First Priority Music (FPM) was an American hip hop record label of the late 1980s and early 1990s, which later released contemporary R&B and country music, among others.

==Record label==
A small independent, it formed distribution relationships first with Atlantic Records, and later on with Jive/Zomba.

First Priority was founded by Nat Robinson in 1987, to release music by his son Kirk better known as Milk Dee of Audio Two. FPM's first release was Audio Two's "Make It Funky"/"Top Billin'", which was successful enough to secure the label a distribution deal with Atlantic Records.
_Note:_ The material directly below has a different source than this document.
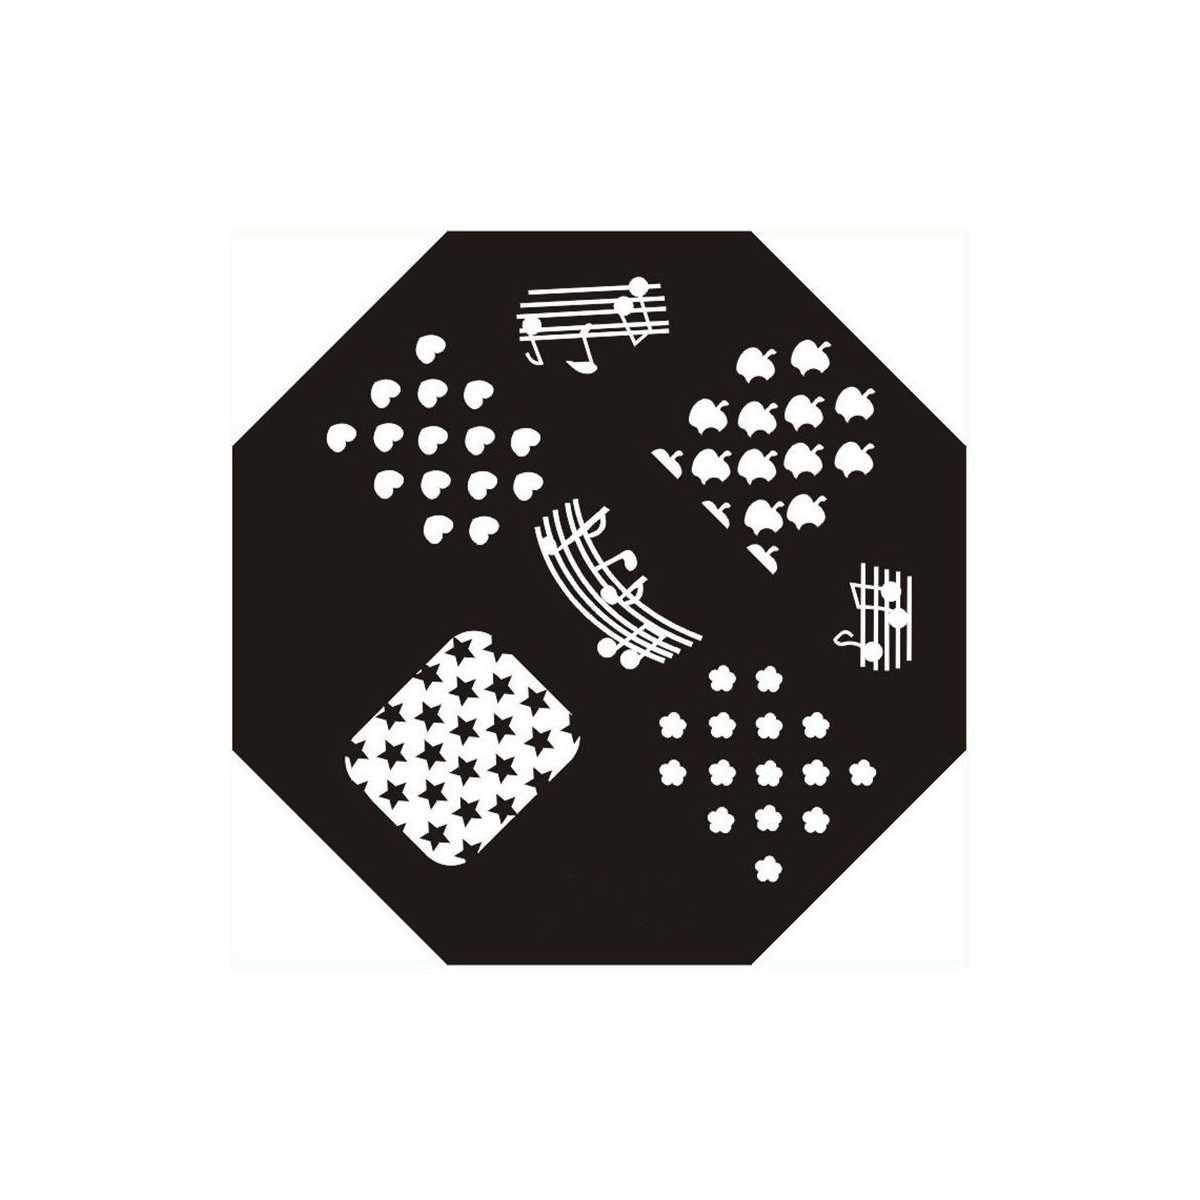 https://www.kit-manucure.com/621-thickbox_default/plaque-de-stamping-notes-de-musique-etoile-coeur-et-pomme.jpg

MC Lyte's debut album Lyte as a Rock (1988) was followed by her records, Eyes on This (1989) and Act Like You Know (1991). "Ruffneck", from 1993's Ain't No Other, was the first gold single by a solo female rap artist. Other members of the hip hop roster of the period include Positive K, Michie Mee, Alliance, Kings of Swing, and Barsha. A compilation featuring FPM artists, The First Priority Music Family: Basement Flavor, was released by the label in 1988. A short-lived sub-label called Bum Rush was distributed by Atlantic then-sister label Virgin Records from 1989 to 1991.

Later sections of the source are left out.